Thank you @lachlanwcast 

I like your suggestion. I'll give it a try.

I'll leave this thread open to see if there is other solutions.

-Youssef

PrashantSangle

You will get this information in Qlik Cloud Readiness app.

Great dreamer's dreams never fulfilled, they are always transcended.
Please appreciate our Qlik community members by giving Kudos for sharing their time for your query. If your query is answered, please mark the topic as resolved 🙂
YoussefBelloum
Champion
Champion
Author

@PrashantSangle 
Nope, all ETL apps (apps that nclude drop tables) shows "zero" on the used base ram, on the Readiness app and on all the monitoring apps out there.

Thanks anyway.

-Youssef

marcus_sommer

You may get respectively derive the Base RAM by reading the information from the stored files per filesize() and/or to store/drop temporary every load-step as file and fetching their information, too.

Another approach might be to read the meta-data of the tables per loop over all fields and their fieldvaluecount() * avg() bytes per value + considering the size of the table-index per noofrows().

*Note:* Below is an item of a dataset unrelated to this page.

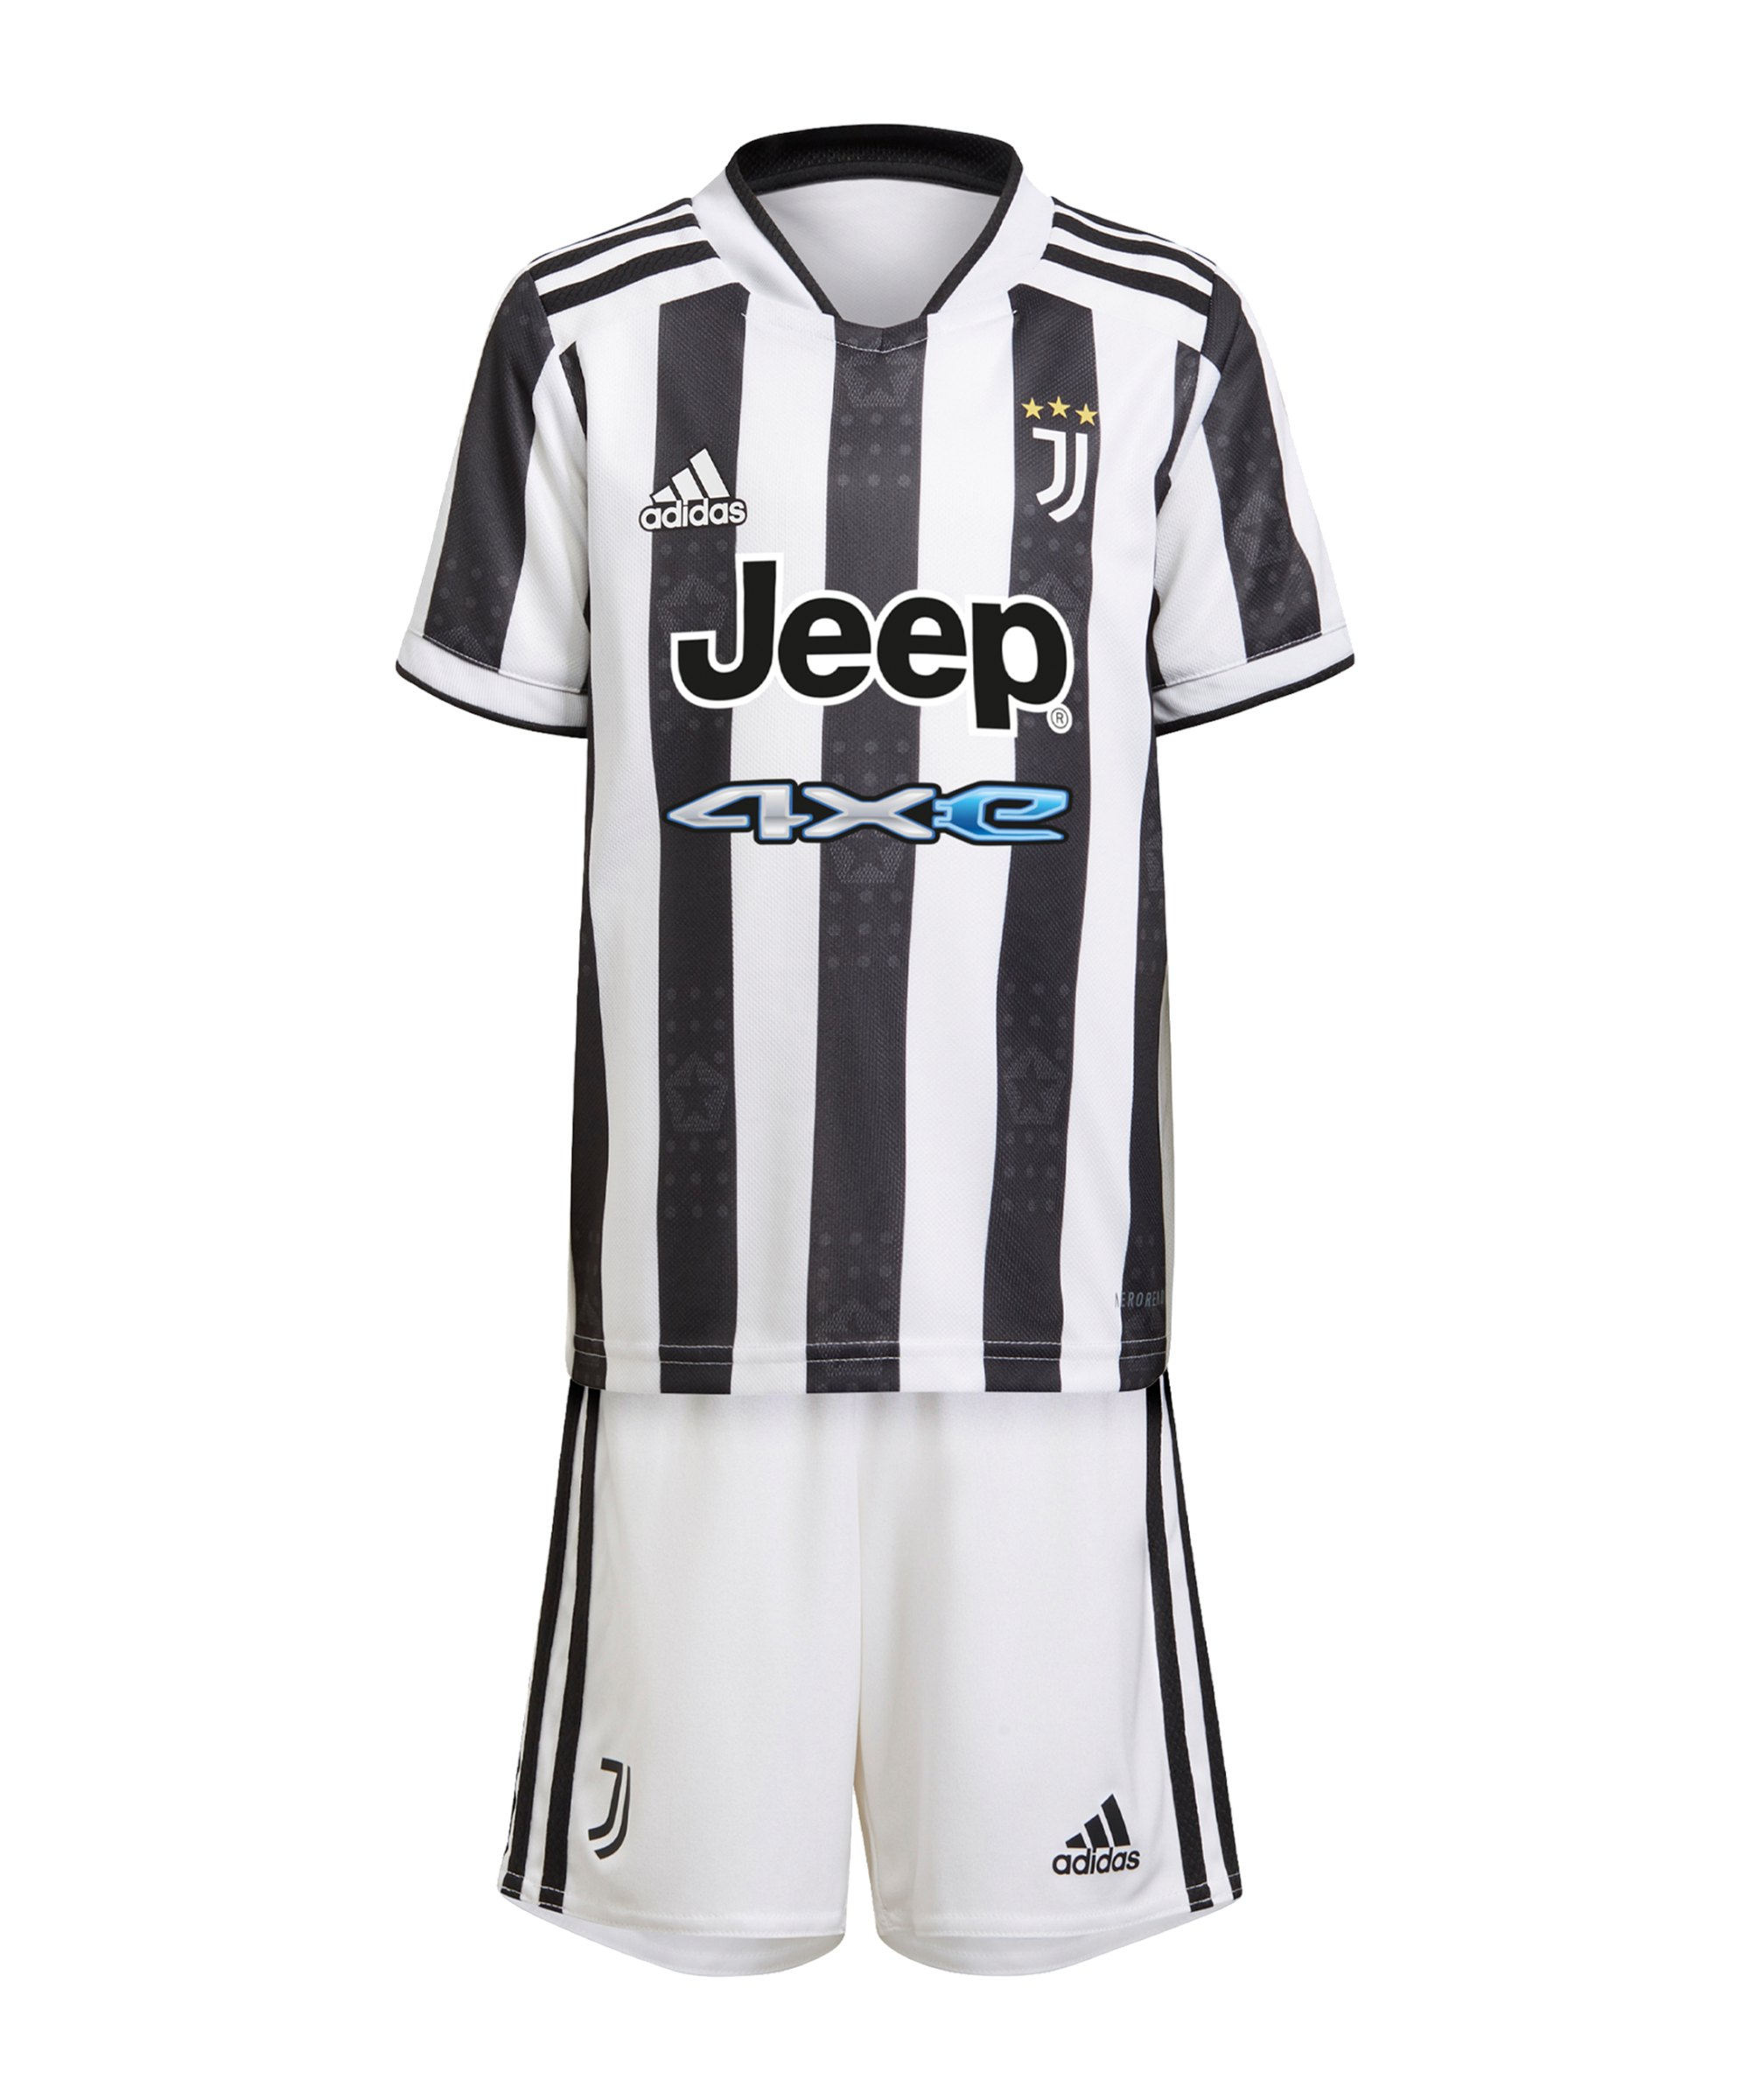 adidas Juventus Turin Minikit Home 2021/2022 Weiss - weiss

The results would be never exact but suitable to get an order of magnitude.

Both methods aren't without some efforts whereby the first one is rather simple and the second quite complex. But it won't be mandatory necessary to apply it against everything else just the few most heavy applications - I assume you knows already which ones.

Beside the above be aware that the RAM consumption during any joins/aggregations/crosstable/... might be much bigger as the final output-data. To fetch this kind of information you will need a look from the outside to the events of the ETL like mentioned by @lachlanwcast (you may also look for usable information within the performance-logs of the QS server). 

YoussefBelloum
Champion
Champion
Author

Thank you @marcus_sommer 

Very interesting approaches.

I'll take both and the give it a try.

The Ram consumption during joings/aggregations/cross etc I think I will not need it, because It will not be calculated by the resources of the machines that will host the Qlik data gateway, it will instead use the resources of the QlikCloud tenant.

My need is basically to calculate the amount of on-prem data uploaded to the tenant. to size correctly the Data gateway machines.

-Youssef

marcus_sommer

This means that mainly the sources of the raw-data define the sizing and that rather the sql/storage-system should answer the question. This might be further impacted by any incremental approaches or a data-compressing whereby such measurements would also create some efforts. 

YoussefBelloum
Champion
Champion
Author

@marcus_sommer 

It will help if it was the exact same size of the raw data. but on every sql script, there is explicit SELECT statement, not really SELECT *. 

They are selecting the columns, making filters and aggregations, which reduce the amount of data comparing the raw/total data.

marcus_sommer

I think the most pragmatically approach would be to look manually for the 5 biggest loads and a simple calculation of:

((F1 * DataType) + (F2 * DataType) + (F3 * DataType) + ....) * Records

whereby Records is then an approximately assumption of % reduction from the filter-conditions and aggregations.

It should be enough in regard to the max. peak because the load-tasks are very likely scheduled in defined chains because the number of parallel tasks are restricted to the performance of the data-base and the network and there might be also various dependencies in regard to the task-orders.